Pahabol, yang juga merupakan mantan Bupati Yahukimo dua periode, turut meminta pihak kepolisian untuk aktif menjadi penengah antara kedua kelompok.
“Pemerintah tidak ingin ada korban dari masyarakat. Aksi saling serang ini harus segera dihentikan dan dicarikan jalan keluar yang damai,” tegasnya.
Sementara itu, Wakapolres Jayawijaya Kompol I Wayan Laba menyampaikan bahwa bentrok tersebut merupakan lanjutan dari ketegangan sebelumnya. Ia menjelaskan bahwa keluarga Punika Wenda melakukan pembakaran honai karena mencurigai lokasi penjualan minuman keras sebagai penyebab hilangnya Punika.
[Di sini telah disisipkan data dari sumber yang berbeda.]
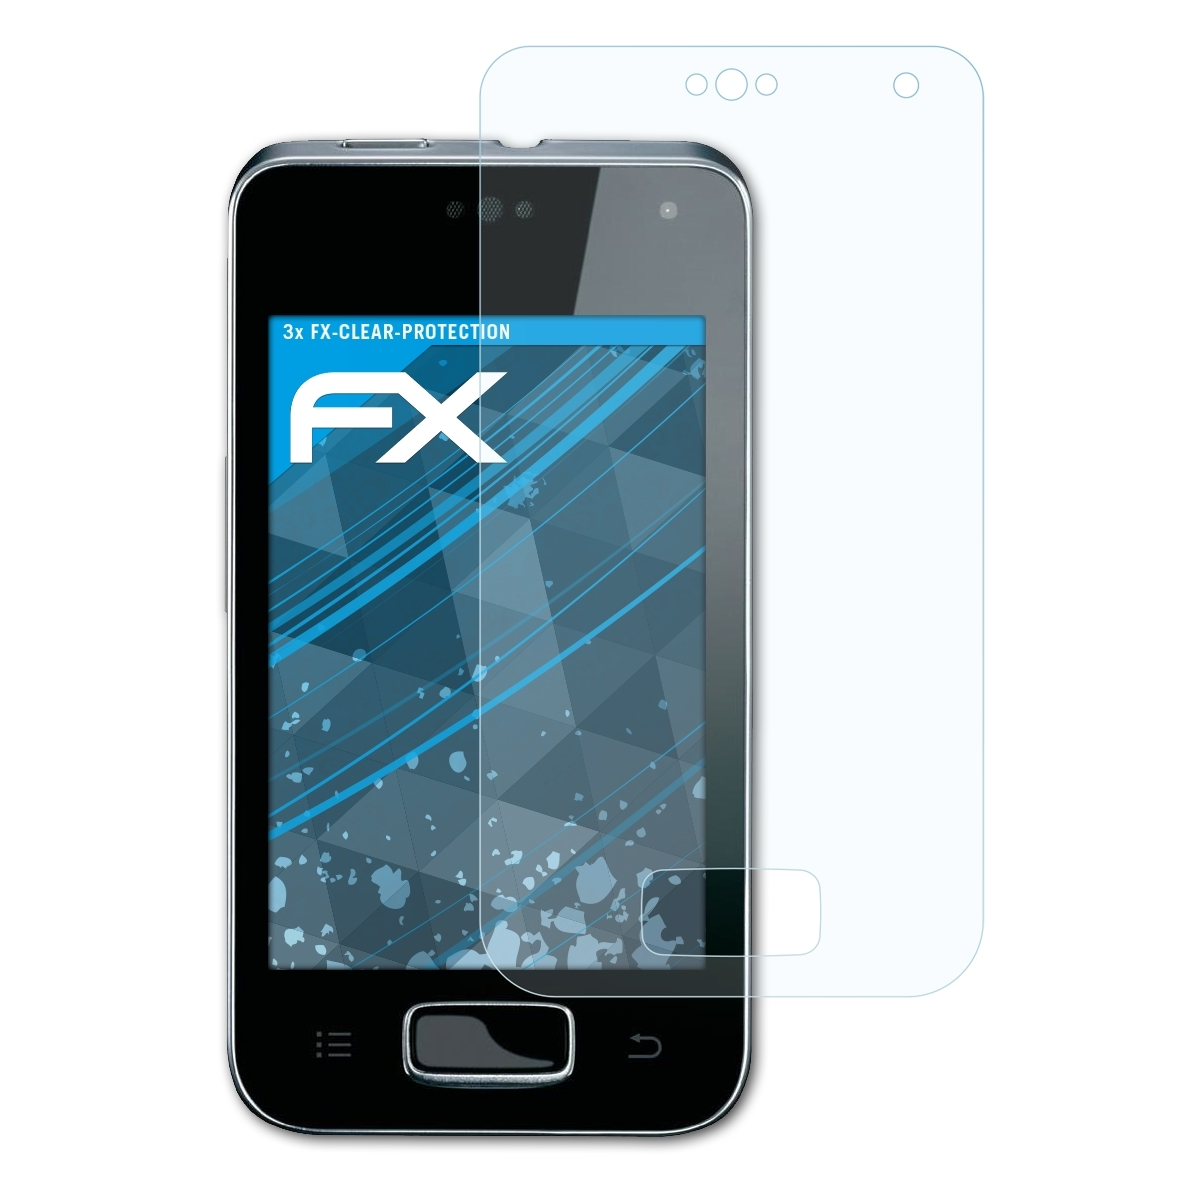 ATFOLIX 3x FX-Clear Displayschutz(für Panasonic KX-PRX120)

“Masalah ini berawal dari hilangnya Punika Wenda sejak 20 Juli lalu. Hingga kini belum ada titik terang, dan itu memicu kemarahan keluarga hingga terjadi pembakaran dan bentrokan kembali,” jelas Kompol Wayan.
Situasi masih terus dipantau oleh aparat keamanan di lapangan. Pemerintah dan tokoh masyarakat diharapkan segera mengambil langkah-langkah strategis untuk mencegah eskalasi lebih lanjut.
Rekomendasi Berita
Memuat berita terbaru.....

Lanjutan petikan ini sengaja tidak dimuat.